## COLLECTED DATA
-------------------------
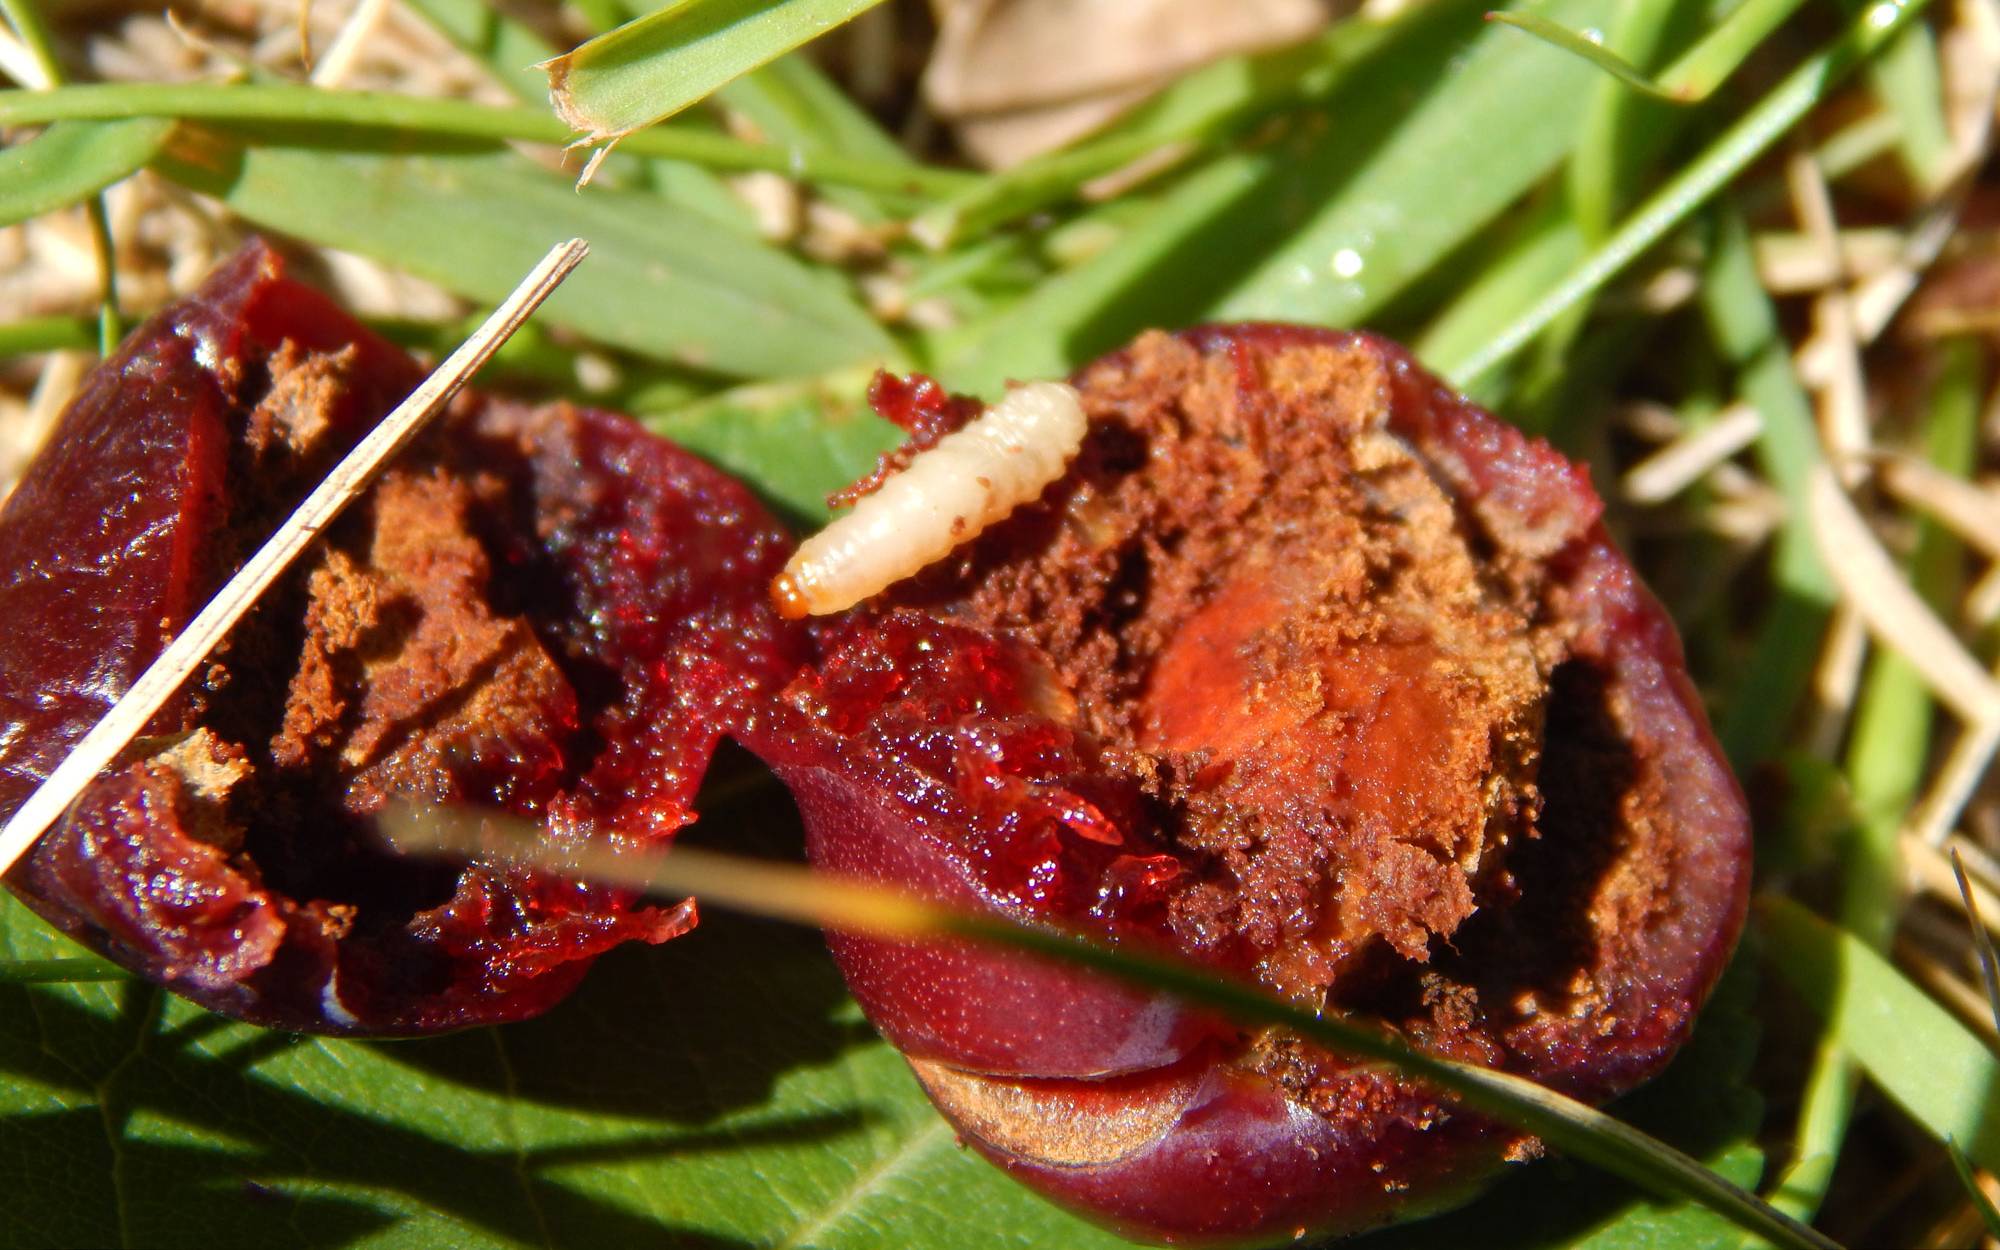  Plum curculio larvae in a rotting cherry
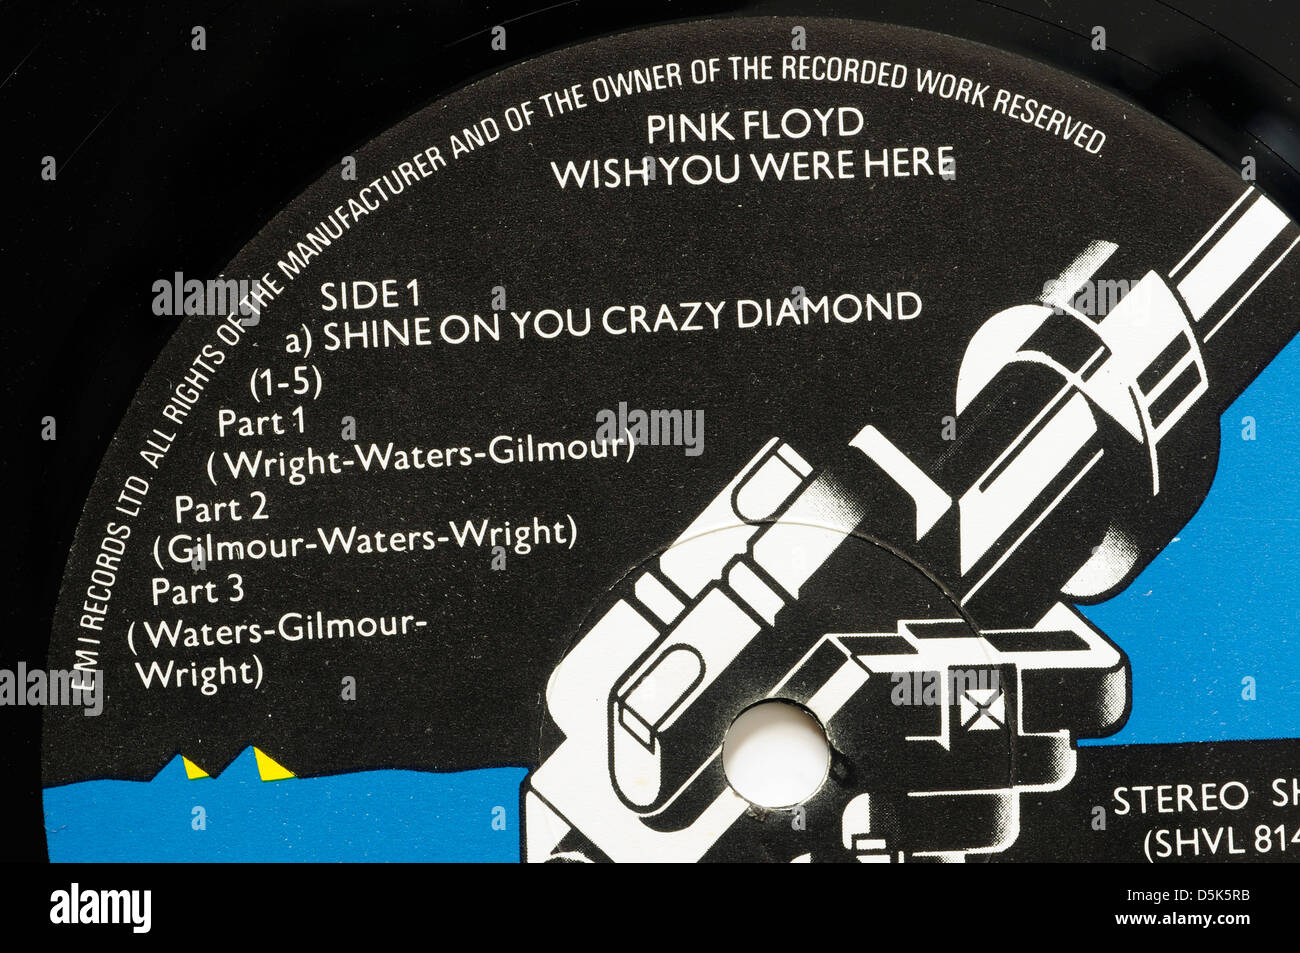 Pink Floyd Wish You Were Here Plattenlabel mit klassischen Titel Shine On You Crazy Diamond Stockfoto
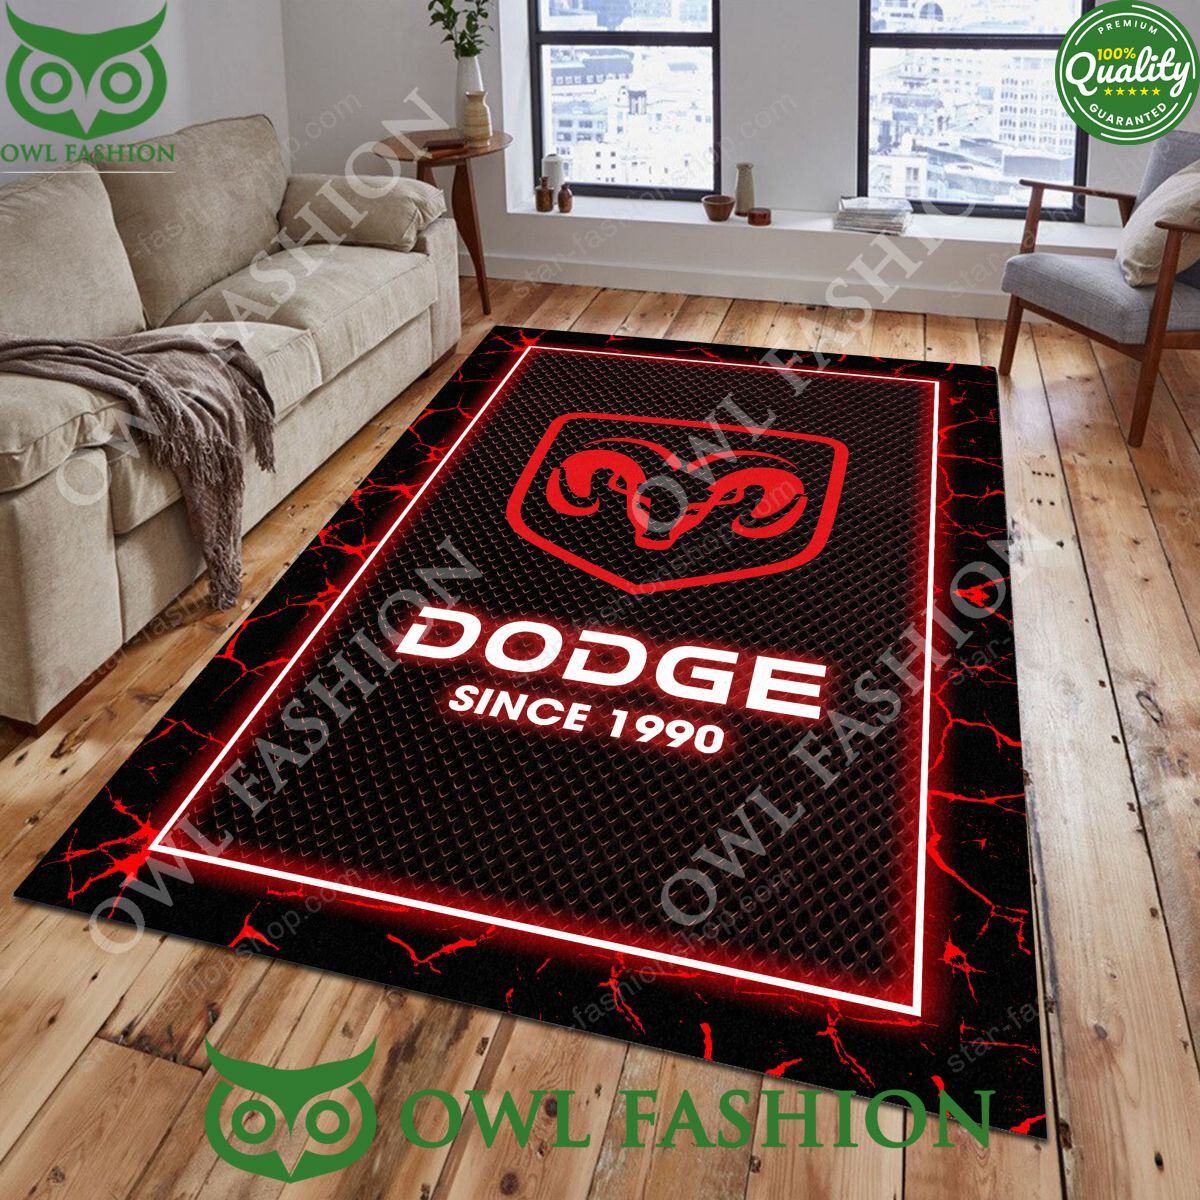 dodge full size truck rug carpet decor living room 1 ZiqT3.jpg
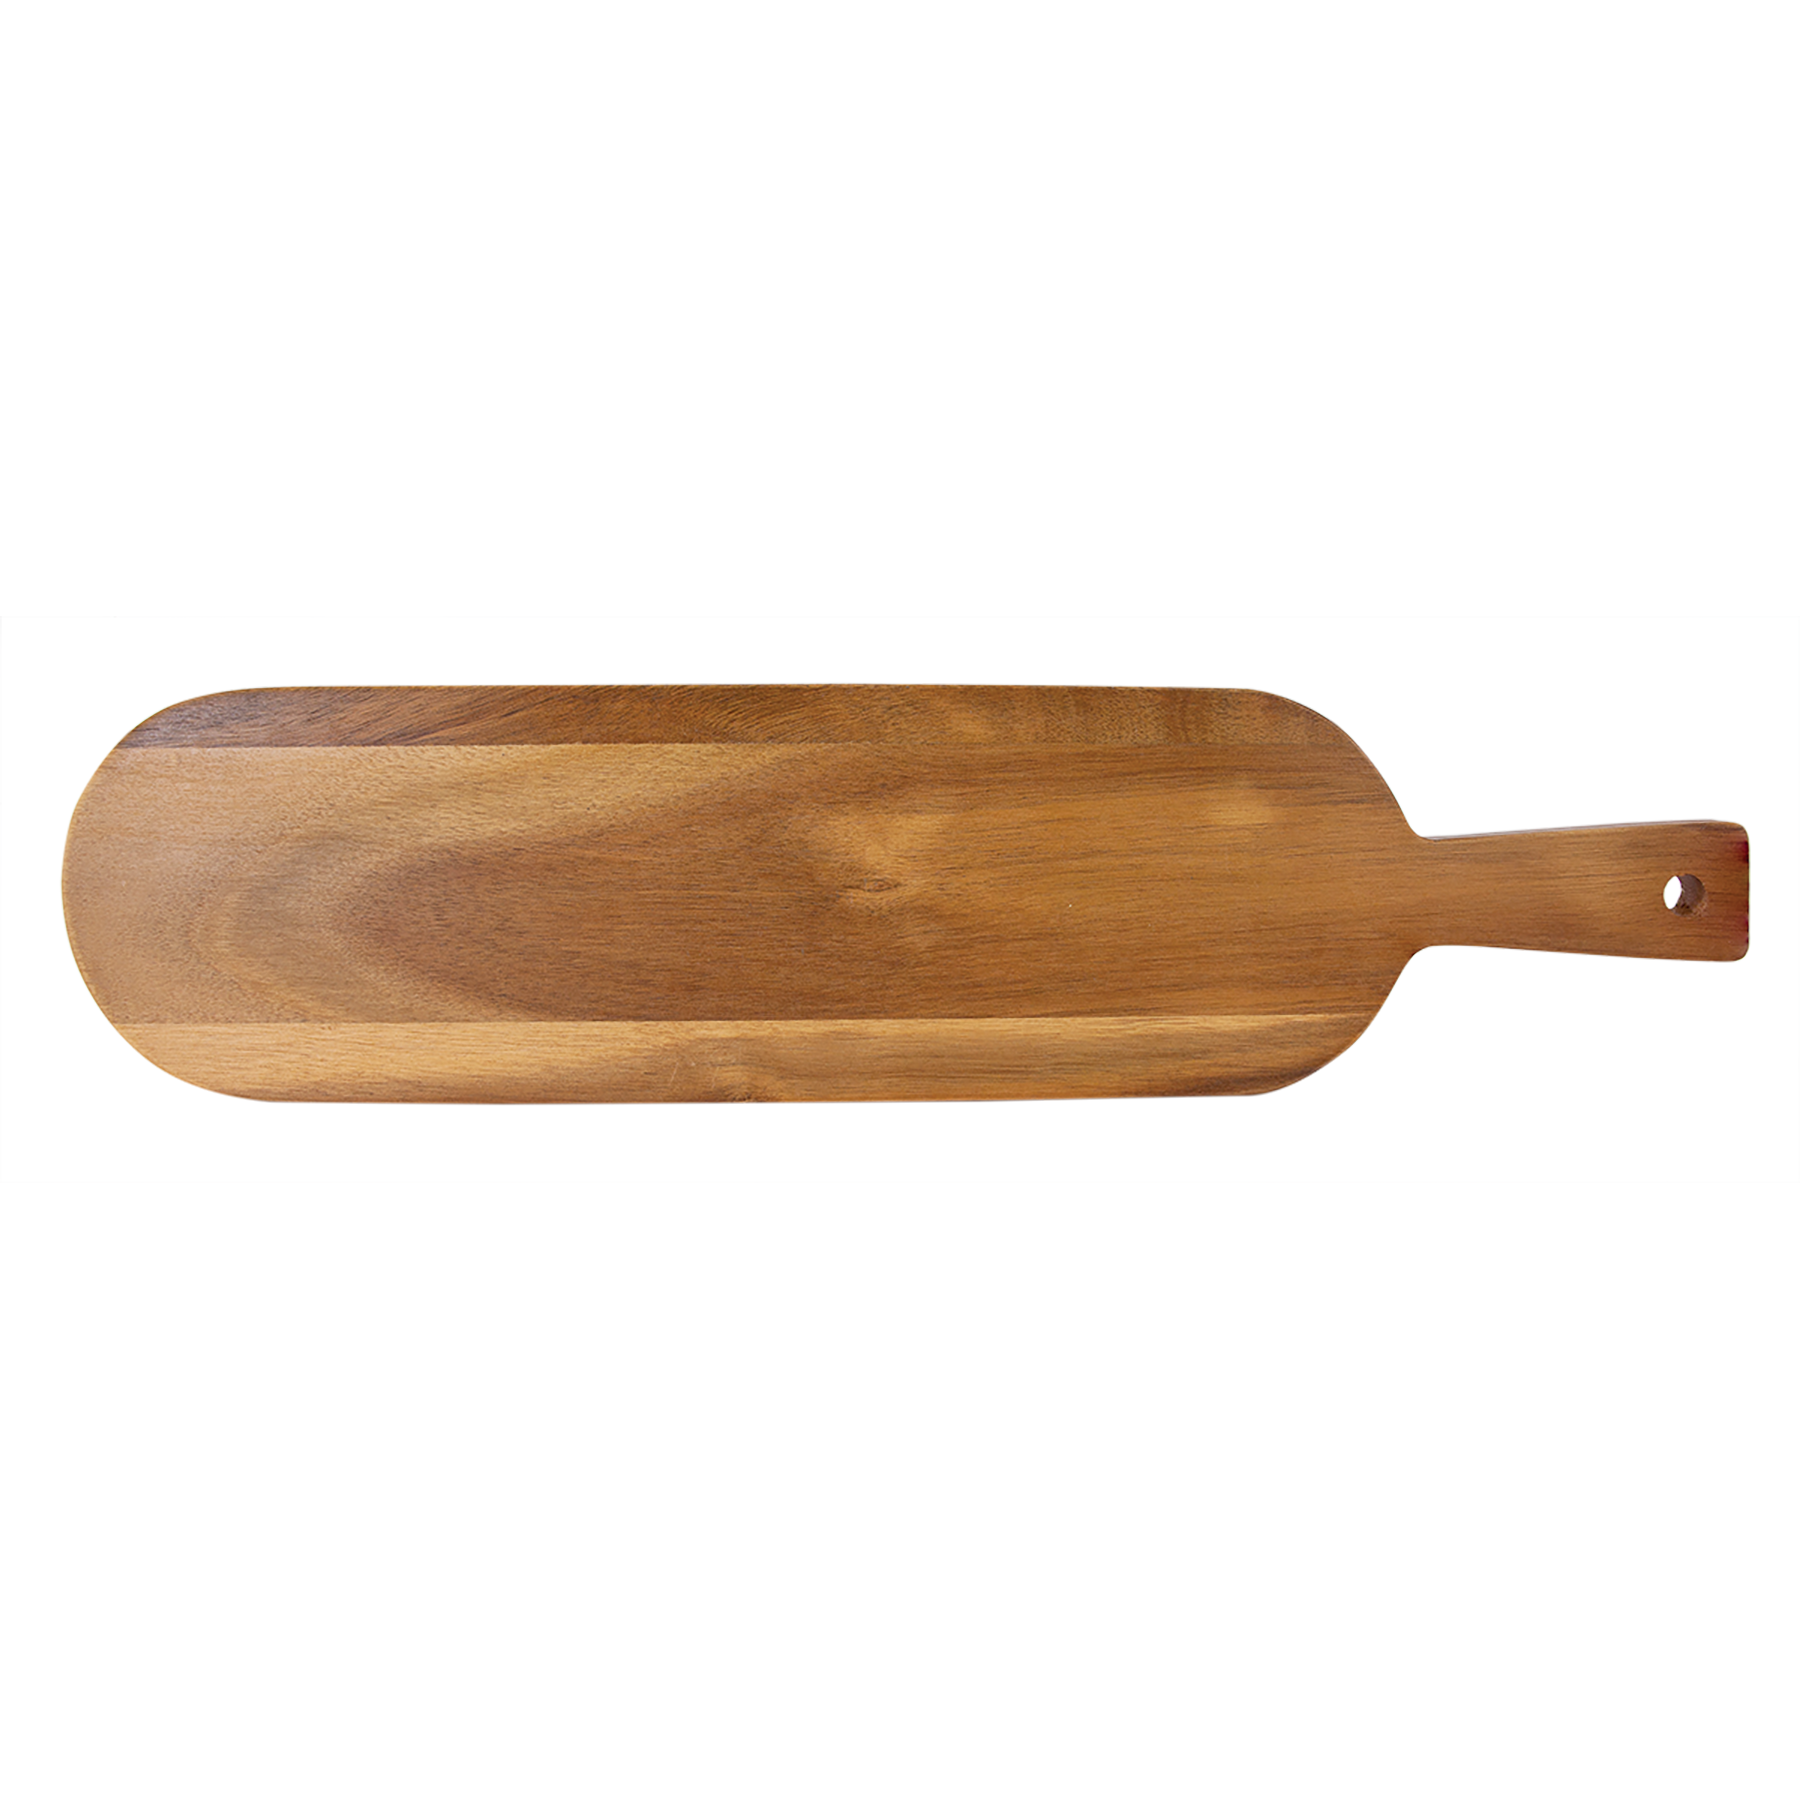 18 1/2" x 4 1/4" Acacia Wood/Slate Serving Board
-------------------------
## ACTIVITY
Could you retype exactly the lines running from the one with "Pink Floyd Wish" to the end of the material above, pictures omitted?

## PROBLEM SOLUTION
 Pink Floyd Wish You Were Here Plattenlabel mit klassischen Titel Shine On You Crazy Diamond Stockfoto
 dodge full size truck rug carpet decor living room 1 ZiqT3.jpg
 18 1/2" x 4 1/4" Acacia Wood/Slate Serving Board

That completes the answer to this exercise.